Талалаев вытер платком мокрое лицо и закачался всем корпусом на диване.

— Вы знаете меня? — внезапно спросил он.

— Слыхал-с…

— Ну, так вот я… — он запнулся, — Вдруг говорят, что вы… то есть не вы. а вообще… будто хотите про меня и жену печатать… про мою жену… печатать.

— То есть что же именно?

Талалаев несколько затруднился, подыскивая выражение. Он покраснел ещё больше. Пот крупными смородинами усеял его лицо.

— Да вообще… Что вот я… жена… и больше ничего.

— Изволите видеть, господин Талалаев, — заговорил мягким, ласкающим голосом Веркутов, — мы если печатаем про кого-нибудь, так не иначе как про людей действительно выдающихся из общего уровня посредственности, про людей так сказать талантливых или хоть чем-нибудь себя заявивших… А ведь согласитесь сами: ни вы, ни ваша супруга…

— Да, да! — обрадовался Талалаев, — я то же говорил!
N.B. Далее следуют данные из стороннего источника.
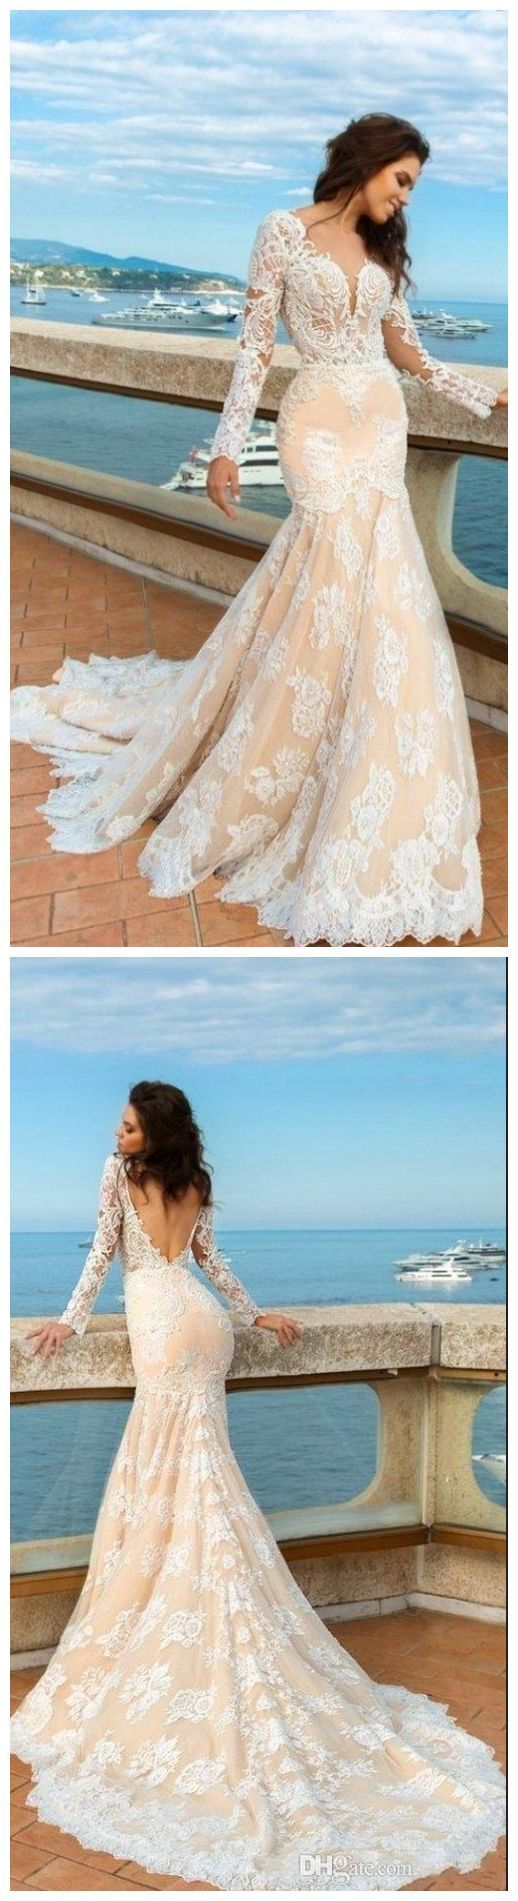 Mermaid Wedding Dress,custom Lace Wedding Dresses

Я говорю: «Мы с тобой, Катя, что же!» она не верит, говорит: «Непременно напечатают — всё! как мы прежде, как мы теперь, всё»… И у меня источники есть, и даже достоверные, что именно вы хотите это напечатать…

— Какие же у вас данные?

— Да уж есть.

Талалаев очевидно врал: никаких данных у него не было, он говорил на удачу.

— Голубчик, не печатайте… Если нужно: я всё что нам угодно… ну… я… я…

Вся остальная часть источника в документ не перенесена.